If you browse around an online magazine (HotWired, for instance, springs unbidden to mind) you will find a few discreet little sponsor icons here and there which you choose to click on. You only get to see the proper ad if you're actually interested in it, and that ad will then lead you directly towards solid, helpful information about the product. It is of course much more valuable for advertisers to reach one interested potential customer than it is to irritate the hell out of ninety-nine others. Furthermore, the advertiser gets astonishingly precise feedback. They will know exactly how many people have chosen to look at their ad and for how long, with the result that an unwelcome ad for something no one's interested in will quickly wither away, whereas one which catches people's attention will thrive. The advertisers pay the magazine for the opportunity to put links to their ads on popular pages of the magazine and - well, you see the way it works. It is, I am told by people with seriously raised eyebrows, astonishingly effective. The thing which drops out of the problem is the notion that advertising need be irritating and intrusive.

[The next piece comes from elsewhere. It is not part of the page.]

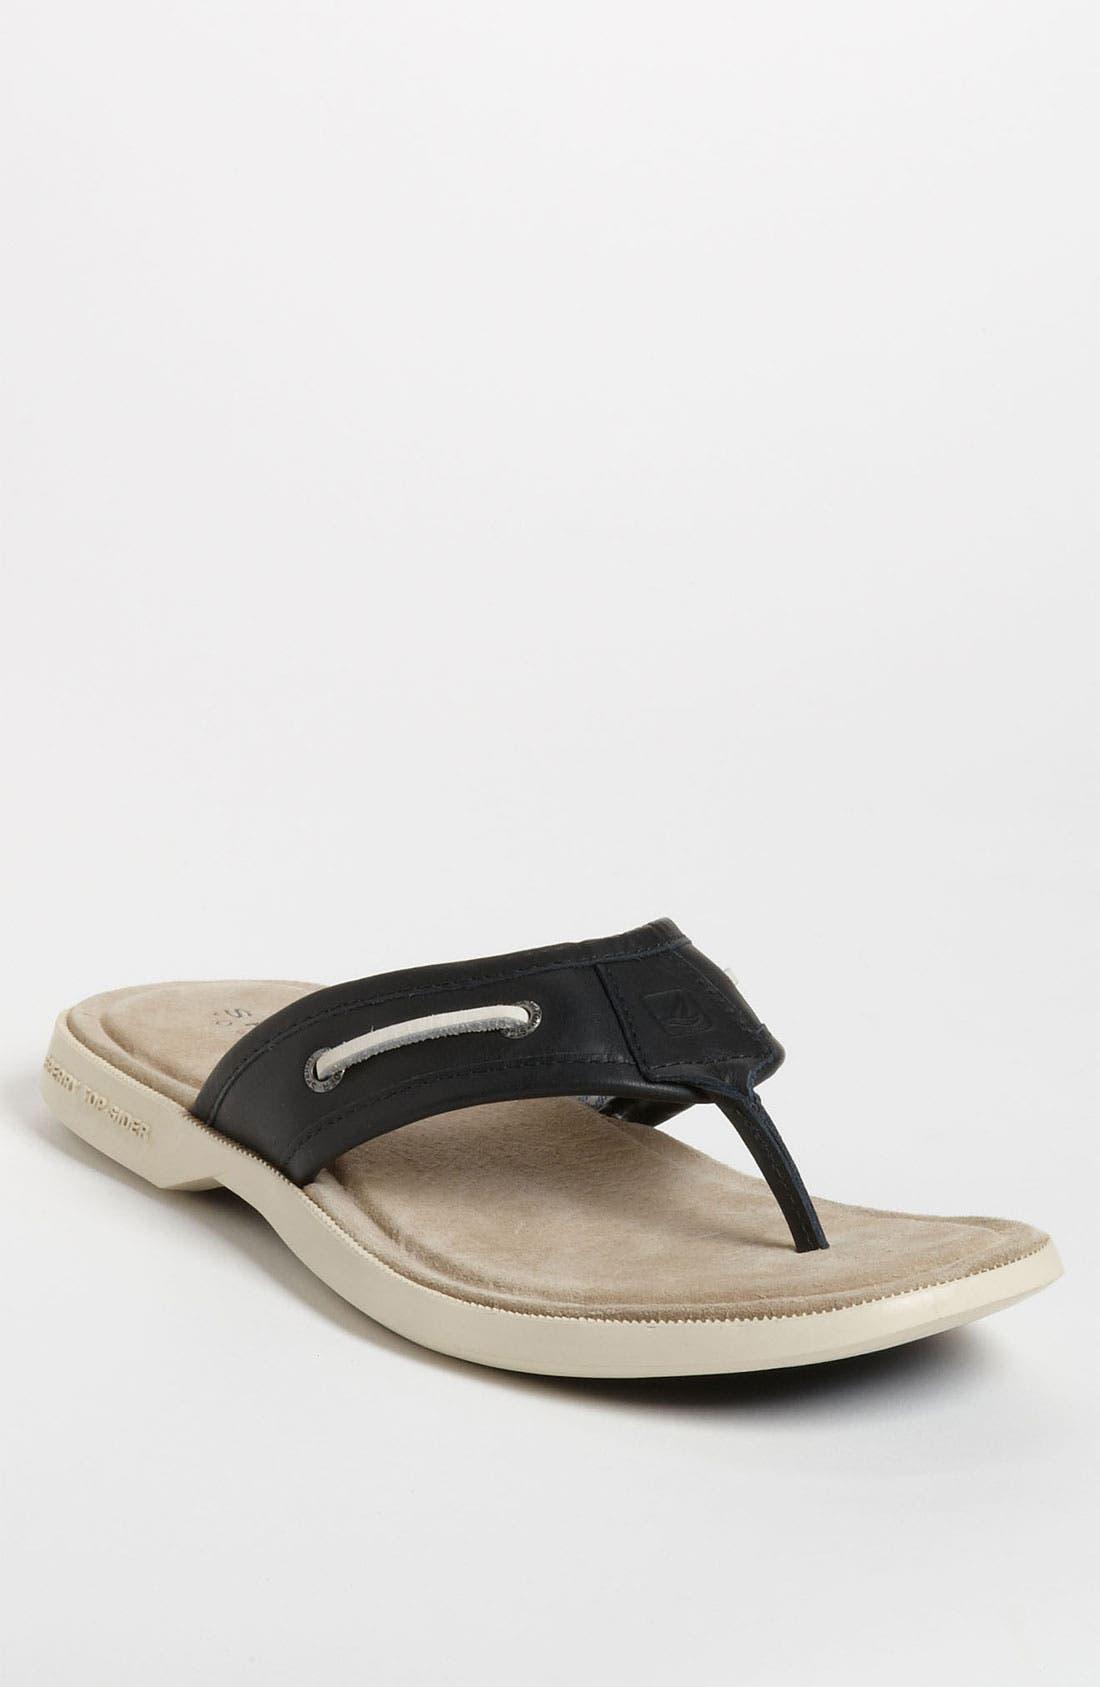 Alternate Image 1 Selected - Sperry Top-Sider® 'Sahara' Leather Sandal

That's one model of how online magazines work and it is, of course, absolutely free to readers. There's another which will probably arrive as soon as it becomes possible to move virtual cash around the Internet, and that will involve readers being billed tiny amounts of money for the opportunity to read popular Web pages. Much less than you would, for instance, regularly spend on your normal newspapers and magazines because you wouldn't have to be paying for all the trees that have to be pulped, the vans that have to be fuelled and the marketing people whose job it is to tell you how brilliant they are. The reader's money goes straight to the writer, with a proportion to the publisher of the Web site, and all the wood can stay in the forests, the oil can stay in the ground, and all the marketing people can stay out of the Groucho and let decent folk get to the bar.

Why doesn't all the money go to the writer, I hear you (and indeed myself) asking. Well, maybe it will if he's happy just to drop his words into the digital ocean in the hope that someone out there will find it. But like any ocean, the digital one has streams and eddies and currents, and publishers will quickly have a role finding good material to draw into those currents where readers will naturally be streaming through looking for stuff, which is more or less what they do at the moment. The difference will lie in the responsiveness of the market, the speed with which those streams will shift and surge, and the way in which power and control will shift to those who are actually contributing something useful rather than just having lunch.

The thing we leave out of the model is, essentially, just a lot of dead wood.